Multiple Regression - Computational Approach

Select the Scatterplots tab of the Residual Analysis dialog to access options to review standardized scatterplots of predicted and residual values. All residual plots and spreadsheets are unlimited/user-limited as defined by the Maximum number of rows (cases) in a single results Spreadsheet or Graph box on the Residual Analysis dialog - Advanced tab. Note that when Pairwise deletion is selected in the MD deletion group box in the Startup Panel, the program will substitute any missing values with the respective means in the computations for predicted and residual values (and related statistics).
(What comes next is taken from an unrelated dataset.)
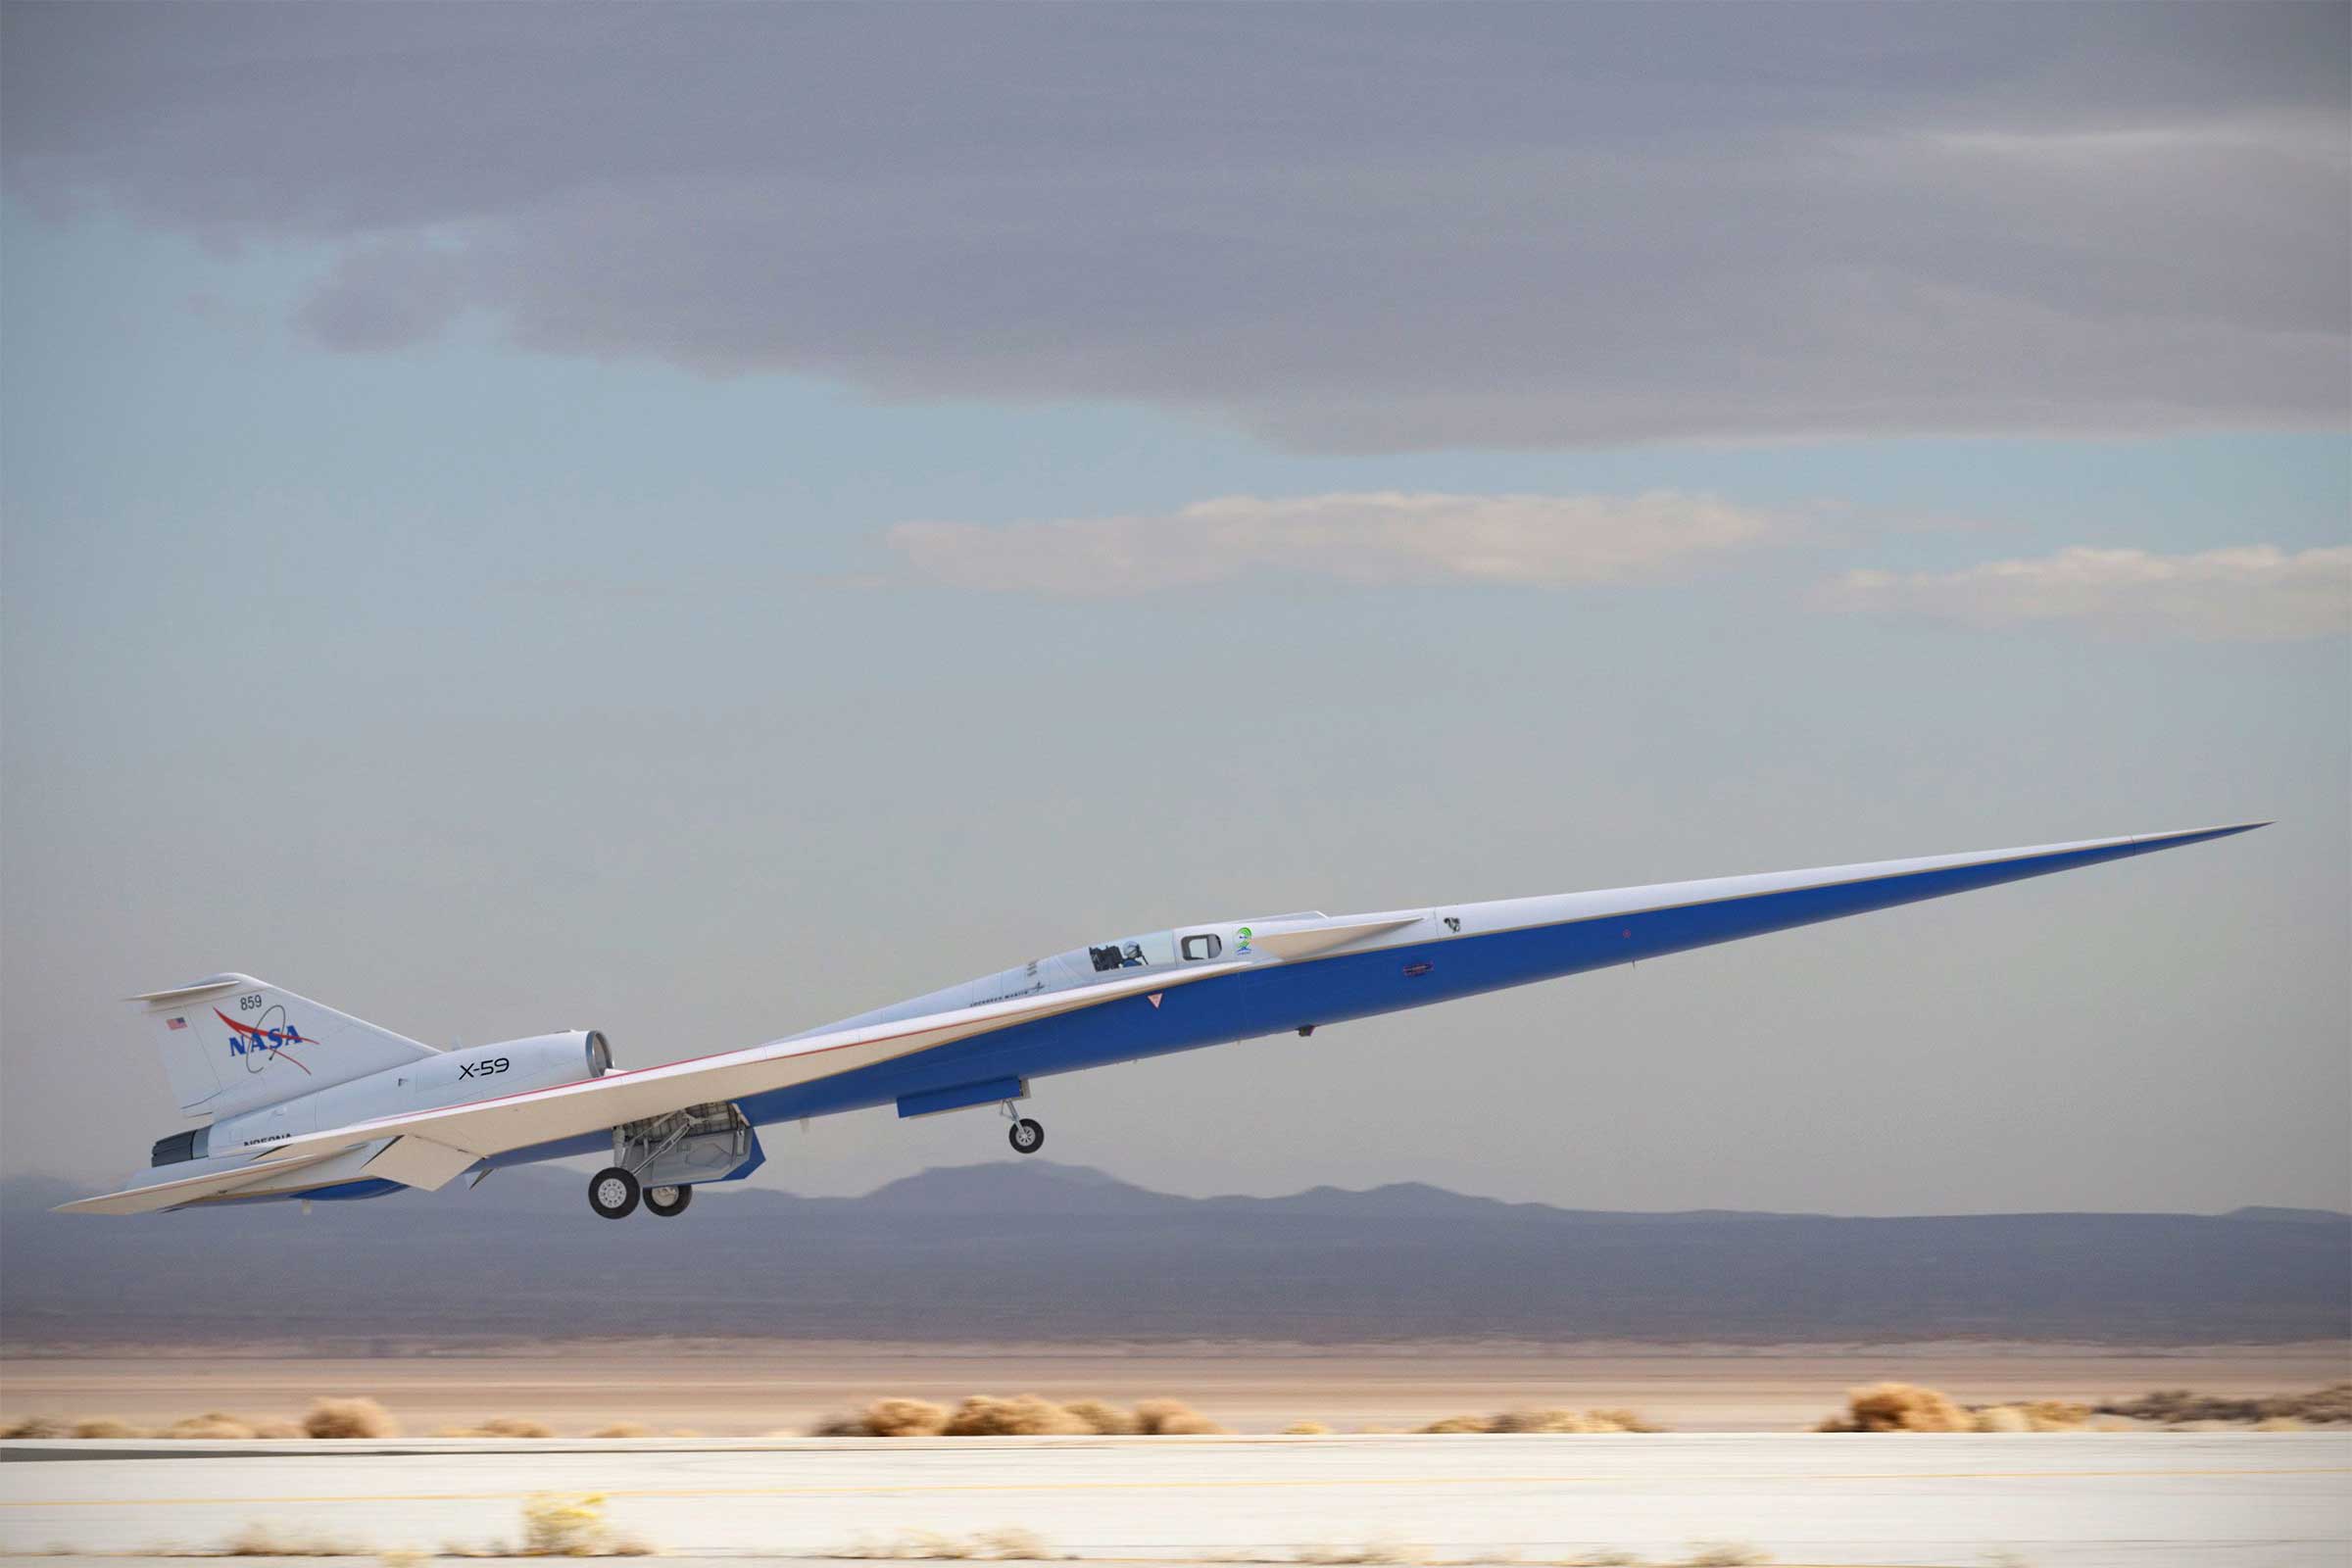 پرواز با هواپیمای مافوق صوت X-59 چگونه خواهد بود؟

Predicted vs. residuals. Click the Predicted vs. residuals button to display a scatterplot of the raw predicted values (on the x-axis) versus the raw residuals (on the y-axis). This plot is very useful for testing the assumption of linearity regarding the relationship between the independent variables and dependent variable. Specifically, if the relationship is linear, then the residual scores can be expected to form a homogeneous "cloud" around the center line. However, if non-linearity is present, then peculiar patterns may emerge. For example, if the true relationship between variables is curvilinear rather than linear, the residuals may form an inverted U around the center line, indicating that predictions are consistently too high on the extreme ends of the scale, but too low in the central region of the scale. In that case, one may try to include second or third order polynomial transformations of the original independent variables in the regression (that is, X2, X3, etc.). This can easily be accomplished via the Fixed Nonlinear Regression module.

Predicted vs. squared residuals. Click the Predicted vs. squared residuals button to display a scatterplot of the raw predicted values (on the x-axis) versus the squared raw residuals (on the y-axis).

Predicted vs. observed. Click the Predicted vs. observed button to plot a scatterplot of the predicted versus the observed values. This plot is particularly useful for identifying potential clusters of cases that are not well predicted. For example, if one were to analyze job performance data (using some employment test as the predictor variable), it could happen that the test predicts success well for the majority of employees, but that there is a distinct group of employees for whom the prediction based on the employment test is consistently too low (a common problem in tests that rely heavily on verbal skills), and who would be unfairly discriminated against if the test were to be used as the sole criterion for selection.

Observed vs. residuals. Click the Observed vs. residuals button to plot a scatterplot of the observed versus the residual values. This plot is very useful for detecting outliers or groups of observations that are consistently over- or under-predicted.

Observed vs. squared residuals. Click the Observed vs. squared residuals button to plot a scatterplot of the observed versus the squared residuals values. This plot is also very useful for detecting outliers or groups of observations that are consistently over- or under-predicted.

Residuals vs. deleted residuals. Click the Residuals vs. deleted residuals button to plot a scatterplot of the residuals versus the deleted residuals values. Deleted residuals are the residuals that one would obtain if the respective case would be excluded from the estimation of the multiple regression (i.e., the computation of the regression coefficients). Thus, if there are large discrepancies between the deleted residuals and the regular standardized residuals, then we can conclude that the regression coefficients are not very stable, that is, they are greatly affected by the exclusion of single cases (see also Residuals and Predicted Values).

Bivariate correlations. Click the Bivariate correlations button to display a scatterplot of any two variables in the data file, regardless of whether or not they are included in the regression analysis. When you click this button, the standard variable selection dialog will first be displayed, in which you select the two variables to plot.

Partial residual plot (T). Click the Partial residual plot (T) button to display a partial residual plot for any variable currently in the regression equation. When you click this button, the standard variable selection dialog will first be displayed, in which you select the variable to plot. In a partial residual plot, the residual plus the contribution of the respective independent variable to the regression (i.e., residual+bi*xii) is plotted against the values for that independent variable. This plot is discussed in detail by Larsen and McCleary (1972).